Tuesday, August 09, 2011

Deborah Tannen

We tend to look through language and not realize how much power language has.
-Deborah Tannen

When you feel that the people you are dealing with day to day don't have manners, it gives you the feeling that the world is somehow coming apart. It makes you feel that everything is out of control.
-Deborah Tannen

If you come from, say, the northeastern part of the United States when you're listening you need to show you're alive. You need to talk along. That's the way you show you're interested. But in many parts of the United States if you talk along, that's rude, that's interruption. Now, we all agree interruption is rude.

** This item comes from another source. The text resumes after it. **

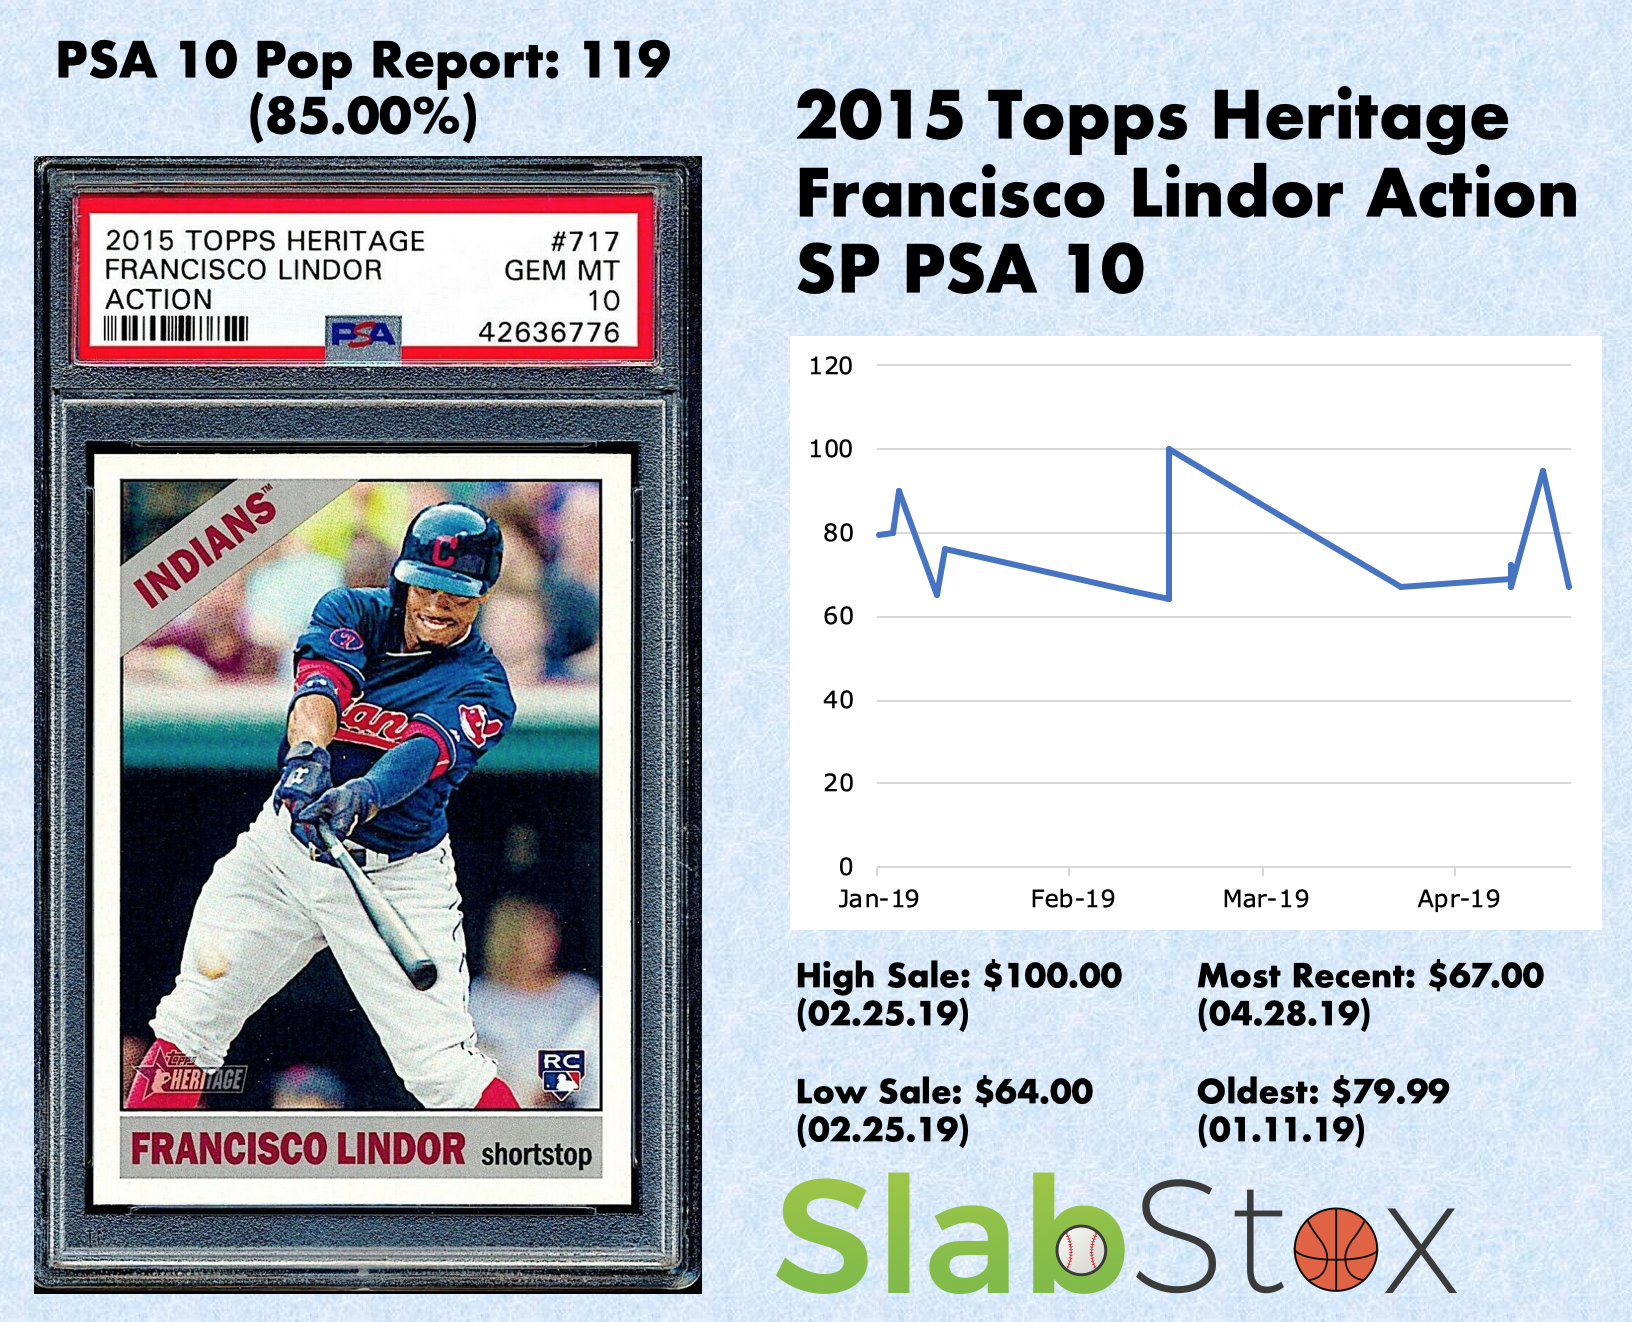 SlabStox infographic for 2015 Topps Heritage Francisco Lindor Action SP PSA 10 sports trading card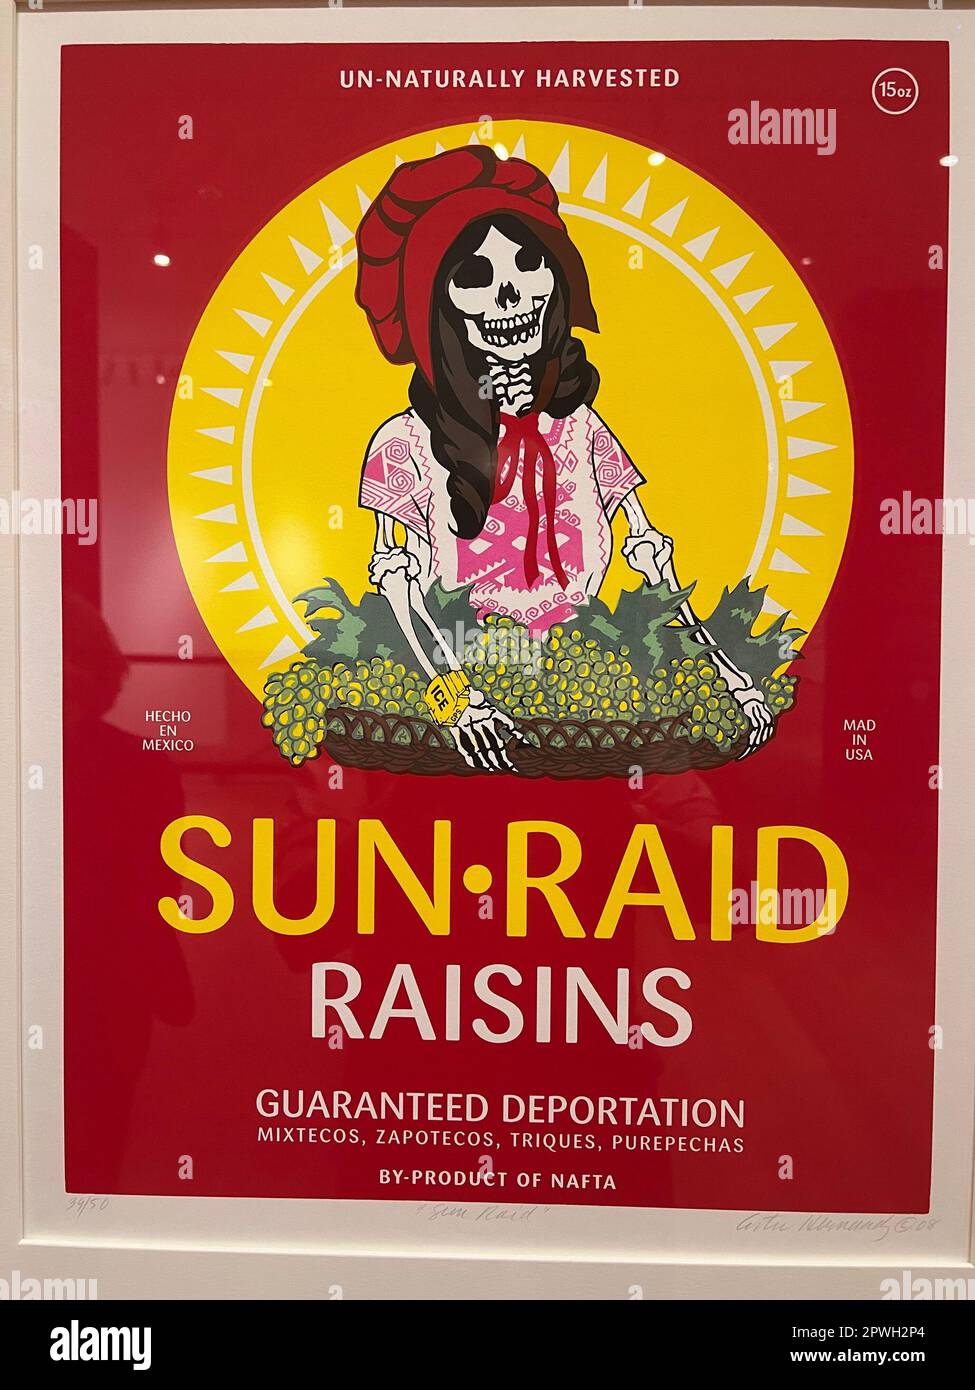 Sun Raid, Ester Hernandez, 2008. Twenty-six years after her original, Hernandez reimagines her classic 'Sun Mad' poster as a condemnation of U.S. Immigration and Customs Enforcement. In addition to changing the title from 'Sun Mad' to 'Sun Raid,' she outfits the calavera (skeleton) with an ICE wrist monitor and a huipil, a traditional indigenous garment. This latter reference suggests how indigenous people from Mexico and Central America represent a segment of undocumented immigrants in the U.S. Hernandez issued this print at a time when the George W. Bush administration was being widely criti Stock Photo

But we don't agree on what constitutes an interruption.
-Deborah Tannen

Communication is a continual balancing act, juggling the conflicting needs for intimacy and independence. To survive in the world, we have to act in concert with others, but to survive as ourselves, rather than simply as cogs in a wheel, we have to act alone.
-Deborah Tannen

Each person's life is lived as a series of conversations.
-Deborah Tannen

Each underestimates her own power and overestimates the other's.
-Deborah Tannen

For most women, the language of conversation is primarily a language of rapport: a way of establishing connections and negotiating relationships.
-Deborah Tannen

The biggest mistake is believing there is one right way to listen, to talk, to have a conversation - or a relationship.
-Deborah Tannen

It's our tendency to approach every problem as if it were a fight between two sides. We see it in headlines that are always using metaphors for war. It's a general atmosphere of animosity and contention that has taken over our public discourse.